#### Exercise goal
Repeat the listing that follows exactly. Pictures are not part of the copy.

#### Given material
--- START ---

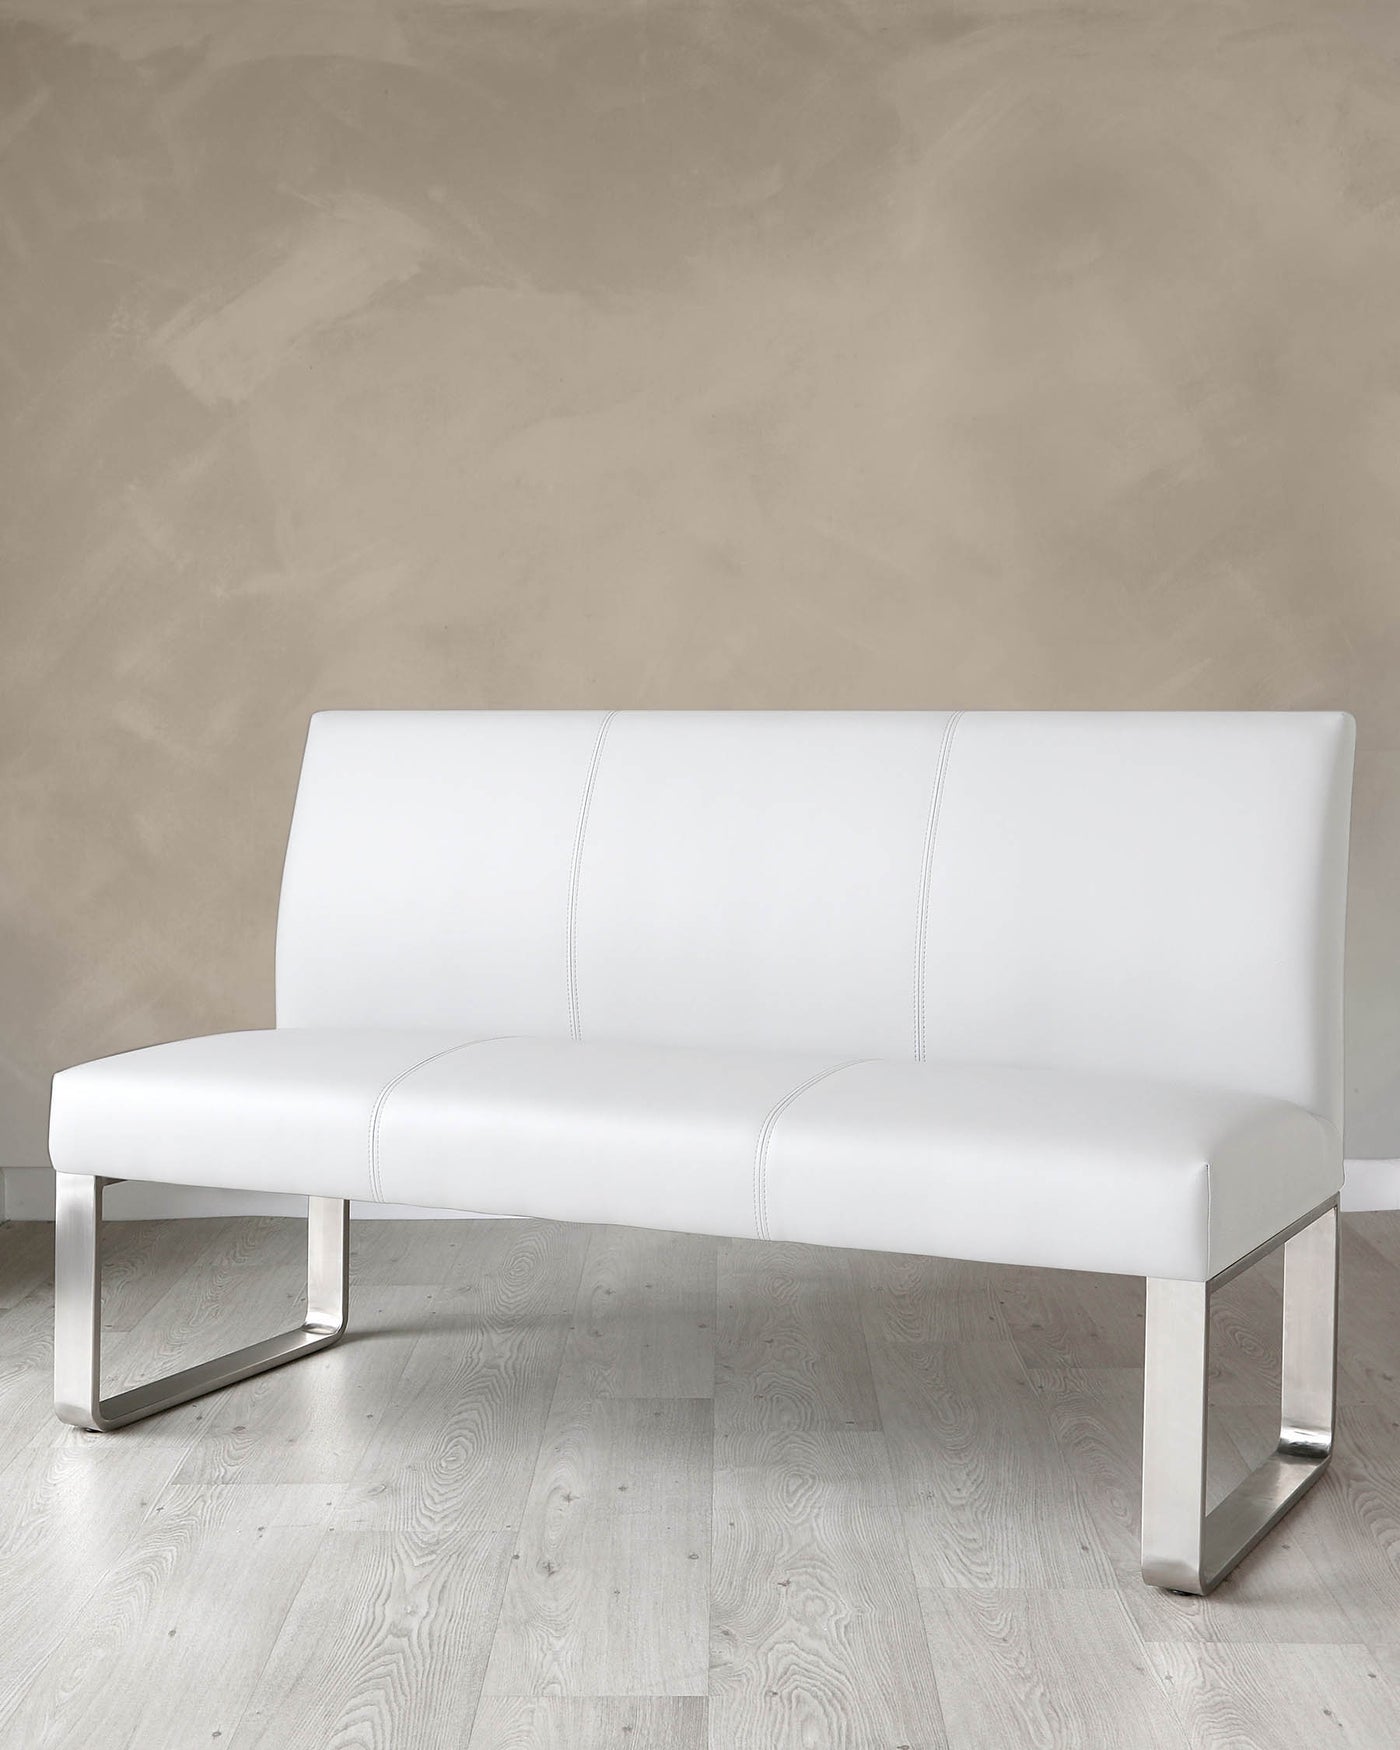 Modern white faux leather bench with a sleek, minimalist design featuring a straight backrest, cushioned seat with subtle stitching details, and shiny metallic U-shaped legs.
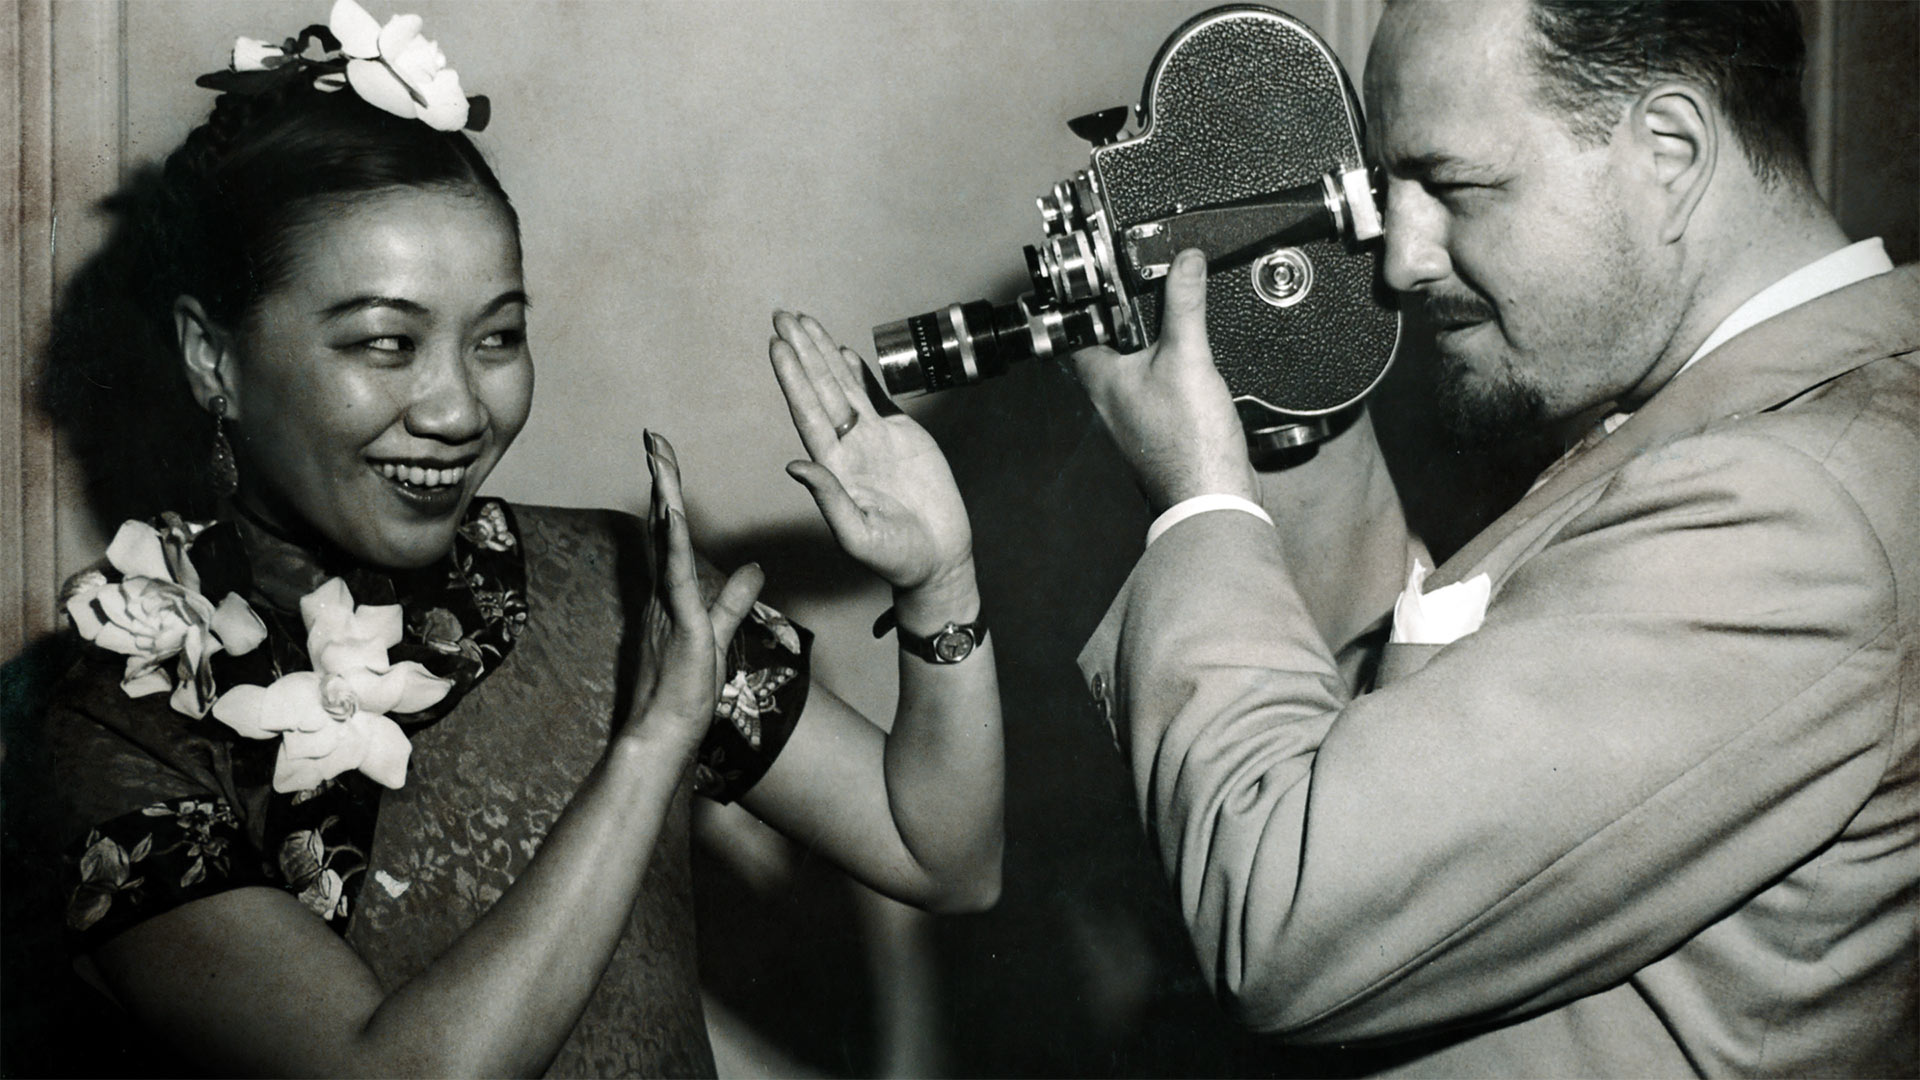 1940s photo of a man with handheld video camera pointing at smiling woman with flowers
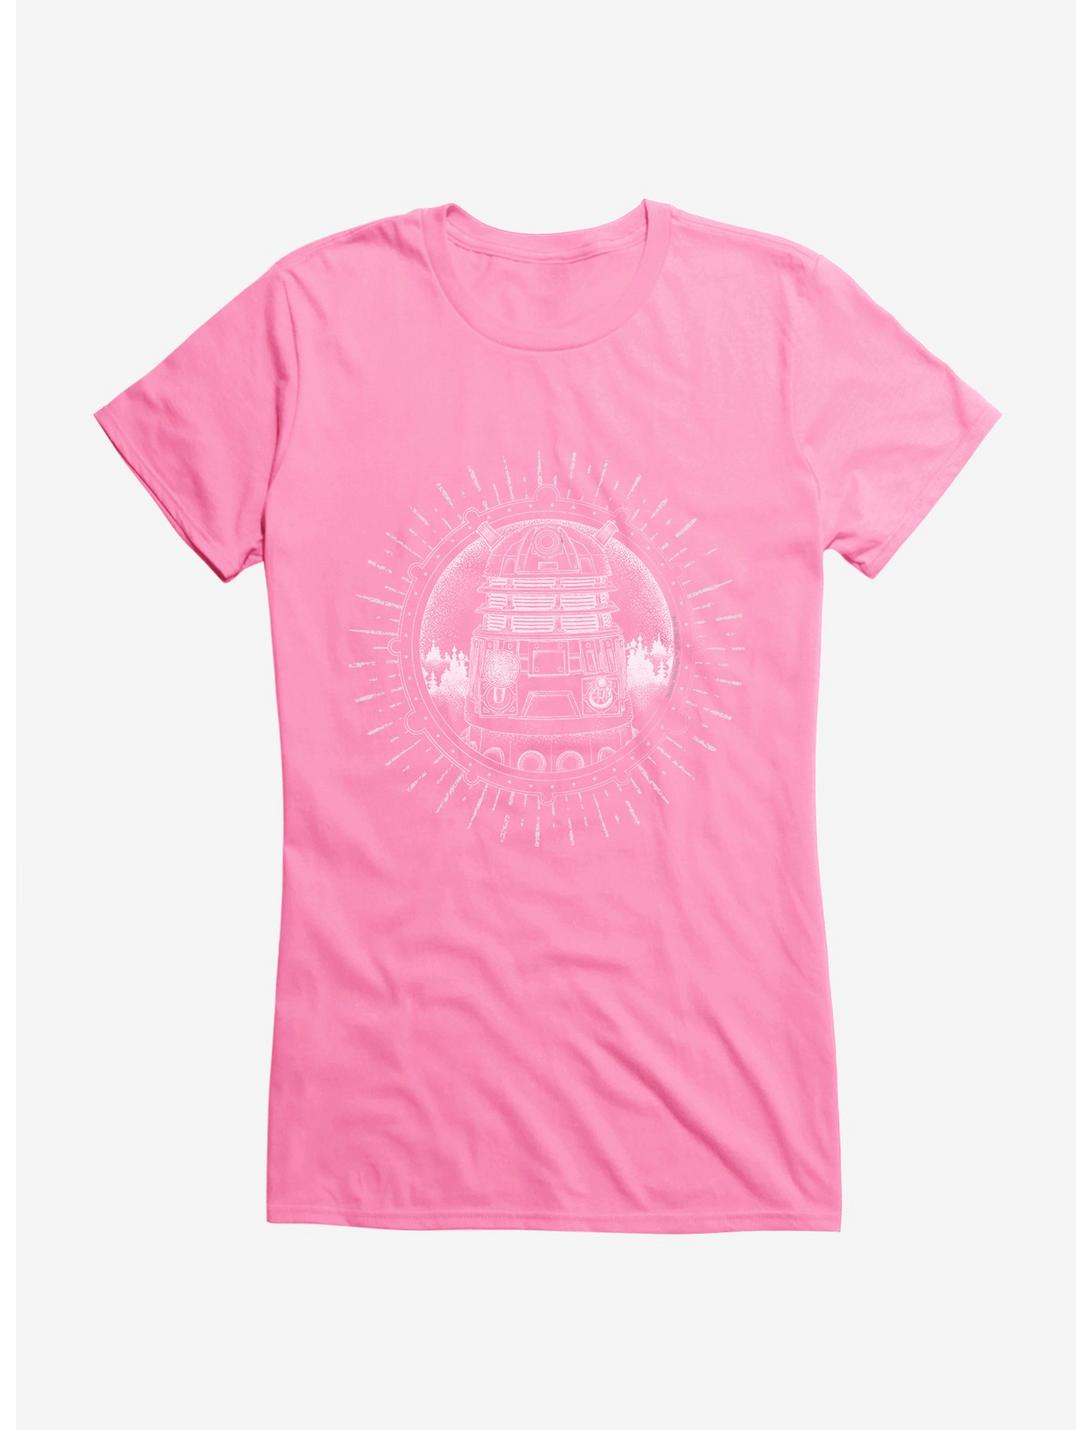 Doctor Who Dalek Pencil Outline Girls T-Shirt | Hot Topic

--- END ---

#### Output
 Modern white faux leather bench with a sleek, minimalist design featuring a straight backrest, cushioned seat with subtle stitching details, and shiny metallic U-shaped legs.
 1940s photo of a man with handheld video camera pointing at smiling woman with flowers
 Doctor Who Dalek Pencil Outline Girls T-Shirt | Hot Topic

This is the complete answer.